First, moving in and out of stock positions frequently is expensive. Trading fees and short-term capital gains taxes will quickly eat away at not only your real returns, but your future profits in the form of all that compounding that will never happen.

Second, this kind of trading -- which requires you to track your purchases and your prospects on an hour-by-hour basis -- takes a lot of time. Unless you're a professional trader, you likely don't have time to be chained to your stock quotes whenever the market is open.

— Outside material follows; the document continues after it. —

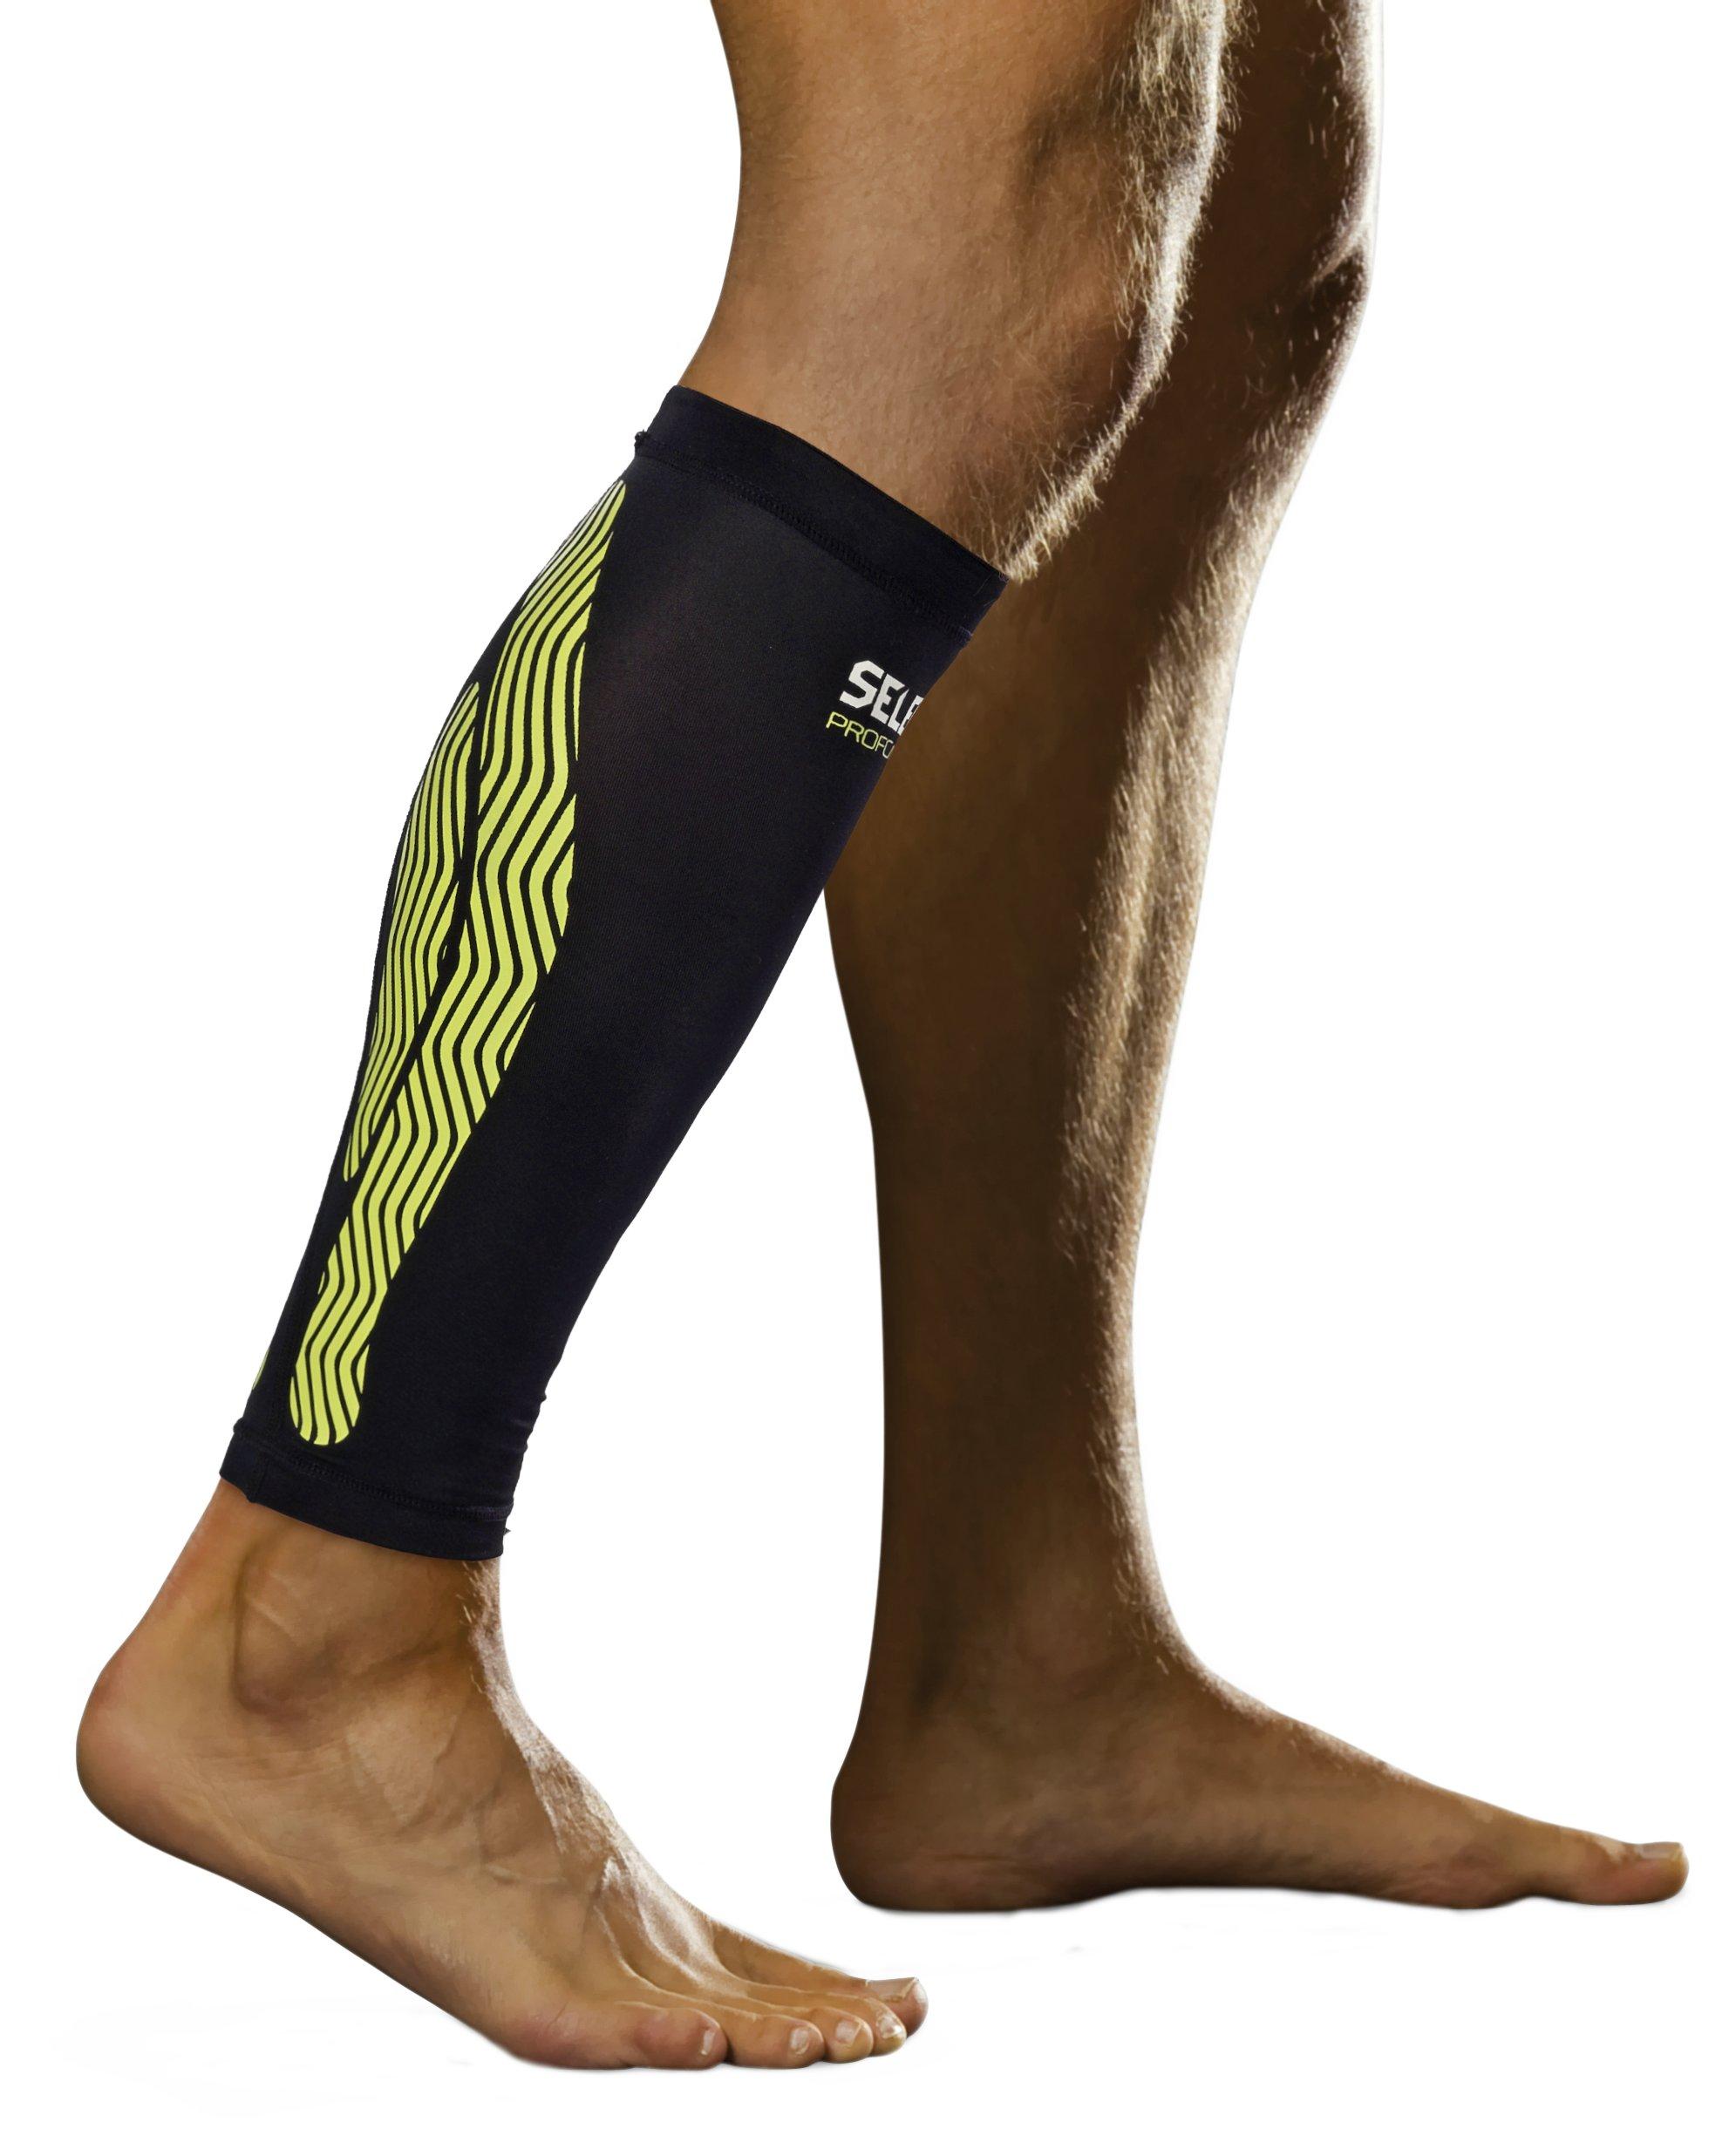 Vyberte Ponožky Compression Bands Calf 6150 XL

Buy and hold investing, on the other hand, reduces frictional costs, boosts long-term compounded gains, and minimizes research time because it focuses on businesses -- which change much less frequently than a stock price. So why is the CNBC crowd telling us that the days of business-focused investing are finished?

We can only speculate
Basically, it's in their interest -- not yours -- to promote short-term, speculative trading.

Market commentary necessarily relies on short-term information to power the 24/7 news cycle. Focusing on trading rather than investing requires viewers to tune in frequently -- and more frequent viewers means increased advertising revenue for CNBC's parent company, General Electric (NYSE: GE  ) .

Brokerage houses like E*Trade (Nasdaq: ETFC  ) and Charles Schwab (Nasdaq: SCHW  ) certainly don't mind the increased trading, since it nets them more in commissions and fees.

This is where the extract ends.